General and administrative expenses for the second quarter 2022 increased to $8.0 million from $5.8 million for the prior year period. The increase is primarily due to increased employee related expenses and professional fees.
For the three months ended June 30, 2022, Syndax reported a net loss attributable to common stockholders of $37.6 million, or $0.62 per share, compared to a net loss attributable to common stockholders of $22.9 million, or $0.44 per share, for the prior year period.
Financial Update and Guidance
For the third quarter of 2022, the Company expects research and development expenses to be $25 to $30 million, and total operating expenses to be $35 to $40 million. For the full year of 2022, the Company continues to expect research and development expenses to be $130 to $140 million and total operating expenses to be $160 to $170 million.
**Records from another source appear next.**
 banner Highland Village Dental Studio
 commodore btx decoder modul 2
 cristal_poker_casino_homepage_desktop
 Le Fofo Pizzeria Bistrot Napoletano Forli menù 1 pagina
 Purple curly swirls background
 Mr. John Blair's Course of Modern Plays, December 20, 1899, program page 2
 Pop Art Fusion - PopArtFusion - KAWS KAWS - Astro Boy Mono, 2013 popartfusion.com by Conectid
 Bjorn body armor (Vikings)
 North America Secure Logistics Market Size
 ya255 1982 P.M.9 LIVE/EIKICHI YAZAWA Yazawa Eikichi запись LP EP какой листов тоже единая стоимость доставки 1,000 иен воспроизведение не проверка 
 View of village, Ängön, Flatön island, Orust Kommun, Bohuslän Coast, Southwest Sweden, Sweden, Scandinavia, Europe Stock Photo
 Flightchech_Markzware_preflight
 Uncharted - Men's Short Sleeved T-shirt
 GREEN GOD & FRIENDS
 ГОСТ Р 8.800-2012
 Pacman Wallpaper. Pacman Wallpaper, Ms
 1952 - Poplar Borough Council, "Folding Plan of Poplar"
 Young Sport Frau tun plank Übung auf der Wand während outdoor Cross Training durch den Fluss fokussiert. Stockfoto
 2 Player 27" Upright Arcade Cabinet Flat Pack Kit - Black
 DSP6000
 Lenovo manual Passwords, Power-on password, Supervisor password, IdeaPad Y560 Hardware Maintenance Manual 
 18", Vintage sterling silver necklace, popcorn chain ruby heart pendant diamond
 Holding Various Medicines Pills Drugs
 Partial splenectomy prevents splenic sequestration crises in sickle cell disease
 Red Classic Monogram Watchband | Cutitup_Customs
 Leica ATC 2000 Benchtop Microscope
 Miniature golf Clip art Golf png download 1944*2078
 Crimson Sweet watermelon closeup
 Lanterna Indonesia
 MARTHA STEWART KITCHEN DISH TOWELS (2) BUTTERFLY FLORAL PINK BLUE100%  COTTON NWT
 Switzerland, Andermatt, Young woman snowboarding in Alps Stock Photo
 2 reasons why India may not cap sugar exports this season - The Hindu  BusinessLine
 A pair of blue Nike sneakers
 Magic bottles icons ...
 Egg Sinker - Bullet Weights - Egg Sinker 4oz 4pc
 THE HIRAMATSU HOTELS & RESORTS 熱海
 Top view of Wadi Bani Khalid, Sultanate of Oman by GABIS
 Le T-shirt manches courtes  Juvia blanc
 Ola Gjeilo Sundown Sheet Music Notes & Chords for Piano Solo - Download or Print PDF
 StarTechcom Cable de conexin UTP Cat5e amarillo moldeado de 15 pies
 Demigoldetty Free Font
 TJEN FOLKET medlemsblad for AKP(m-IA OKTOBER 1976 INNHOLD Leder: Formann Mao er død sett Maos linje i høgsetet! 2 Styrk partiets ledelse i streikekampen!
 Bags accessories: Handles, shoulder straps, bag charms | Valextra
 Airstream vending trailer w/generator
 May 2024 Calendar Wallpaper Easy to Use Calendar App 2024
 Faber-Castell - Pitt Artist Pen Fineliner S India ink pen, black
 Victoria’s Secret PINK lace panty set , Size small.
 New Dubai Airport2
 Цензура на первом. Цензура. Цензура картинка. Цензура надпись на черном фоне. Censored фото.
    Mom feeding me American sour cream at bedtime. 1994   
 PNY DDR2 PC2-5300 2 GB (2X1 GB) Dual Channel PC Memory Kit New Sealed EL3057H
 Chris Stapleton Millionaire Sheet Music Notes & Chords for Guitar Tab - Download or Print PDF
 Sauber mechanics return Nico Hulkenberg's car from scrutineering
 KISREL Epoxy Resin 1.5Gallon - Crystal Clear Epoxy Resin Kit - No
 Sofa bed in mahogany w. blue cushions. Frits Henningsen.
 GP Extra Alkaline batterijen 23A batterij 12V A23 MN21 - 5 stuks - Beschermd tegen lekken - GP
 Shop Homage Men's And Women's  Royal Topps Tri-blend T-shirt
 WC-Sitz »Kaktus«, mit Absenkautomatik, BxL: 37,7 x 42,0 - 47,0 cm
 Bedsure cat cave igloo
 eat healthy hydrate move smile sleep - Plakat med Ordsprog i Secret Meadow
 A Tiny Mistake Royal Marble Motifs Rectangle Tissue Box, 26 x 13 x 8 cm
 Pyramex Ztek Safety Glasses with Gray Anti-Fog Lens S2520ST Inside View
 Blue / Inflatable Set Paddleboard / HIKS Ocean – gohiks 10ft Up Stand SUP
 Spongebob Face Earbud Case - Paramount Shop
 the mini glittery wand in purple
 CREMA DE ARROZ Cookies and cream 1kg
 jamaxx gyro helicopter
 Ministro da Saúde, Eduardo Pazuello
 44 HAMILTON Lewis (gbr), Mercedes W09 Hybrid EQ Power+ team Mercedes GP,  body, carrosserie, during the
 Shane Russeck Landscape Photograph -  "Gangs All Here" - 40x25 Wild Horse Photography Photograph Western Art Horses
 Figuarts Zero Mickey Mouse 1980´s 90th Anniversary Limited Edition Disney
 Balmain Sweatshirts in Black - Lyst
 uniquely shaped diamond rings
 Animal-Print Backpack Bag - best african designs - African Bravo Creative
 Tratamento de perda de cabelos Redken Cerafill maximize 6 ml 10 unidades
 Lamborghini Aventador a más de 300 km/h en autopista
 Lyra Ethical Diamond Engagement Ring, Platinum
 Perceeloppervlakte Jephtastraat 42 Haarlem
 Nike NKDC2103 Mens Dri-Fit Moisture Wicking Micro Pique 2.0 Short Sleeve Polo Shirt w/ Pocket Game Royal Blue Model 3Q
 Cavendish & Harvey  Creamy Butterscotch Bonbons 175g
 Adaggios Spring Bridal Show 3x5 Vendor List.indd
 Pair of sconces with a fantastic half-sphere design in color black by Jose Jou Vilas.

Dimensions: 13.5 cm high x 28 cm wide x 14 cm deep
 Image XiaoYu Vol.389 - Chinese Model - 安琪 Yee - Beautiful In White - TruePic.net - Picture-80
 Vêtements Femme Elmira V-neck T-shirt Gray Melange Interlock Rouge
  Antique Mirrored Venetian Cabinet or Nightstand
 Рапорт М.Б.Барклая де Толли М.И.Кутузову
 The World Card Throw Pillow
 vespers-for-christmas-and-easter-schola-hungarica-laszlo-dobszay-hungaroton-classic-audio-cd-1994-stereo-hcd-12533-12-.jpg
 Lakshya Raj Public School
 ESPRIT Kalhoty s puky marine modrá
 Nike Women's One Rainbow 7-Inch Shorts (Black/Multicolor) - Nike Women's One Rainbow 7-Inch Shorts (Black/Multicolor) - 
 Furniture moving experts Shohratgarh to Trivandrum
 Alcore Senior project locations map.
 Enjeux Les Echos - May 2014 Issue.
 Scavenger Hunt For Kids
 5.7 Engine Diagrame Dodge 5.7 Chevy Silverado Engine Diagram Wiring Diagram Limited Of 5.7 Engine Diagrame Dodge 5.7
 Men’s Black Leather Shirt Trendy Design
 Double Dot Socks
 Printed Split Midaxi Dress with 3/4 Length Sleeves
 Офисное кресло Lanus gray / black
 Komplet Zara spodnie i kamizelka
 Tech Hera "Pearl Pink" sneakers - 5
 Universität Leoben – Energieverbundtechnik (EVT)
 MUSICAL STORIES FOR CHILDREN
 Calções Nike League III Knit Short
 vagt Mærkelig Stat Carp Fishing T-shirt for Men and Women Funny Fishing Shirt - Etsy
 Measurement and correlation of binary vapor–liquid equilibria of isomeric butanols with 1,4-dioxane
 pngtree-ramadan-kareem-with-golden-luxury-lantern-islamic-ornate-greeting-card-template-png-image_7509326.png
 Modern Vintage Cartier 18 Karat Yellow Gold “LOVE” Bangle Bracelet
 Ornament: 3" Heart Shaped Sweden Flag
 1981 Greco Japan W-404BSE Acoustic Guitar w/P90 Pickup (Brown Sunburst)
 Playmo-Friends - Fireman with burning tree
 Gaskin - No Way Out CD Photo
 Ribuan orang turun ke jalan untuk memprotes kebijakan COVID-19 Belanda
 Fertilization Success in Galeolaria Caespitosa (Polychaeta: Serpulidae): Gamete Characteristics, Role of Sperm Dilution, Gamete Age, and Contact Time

Conference Call and Webcast
In connection with the earnings release, Syndax’s management team will host a conference call and live audio webcast at 4:30 p.m. ET today, Monday, August 8, 2022.
The live audio webcast and accompanying slides may be accessed through the Events & Presentations page in the Investors section of the Company’s website. Alternatively, the conference call may be accessed through the following:
For those unable to participate in the conference call or webcast, a replay will be available on the Investors section of the Company’s website at www.syndax.com approximately 24 hours after the conference call and will be available for 90 days following the call.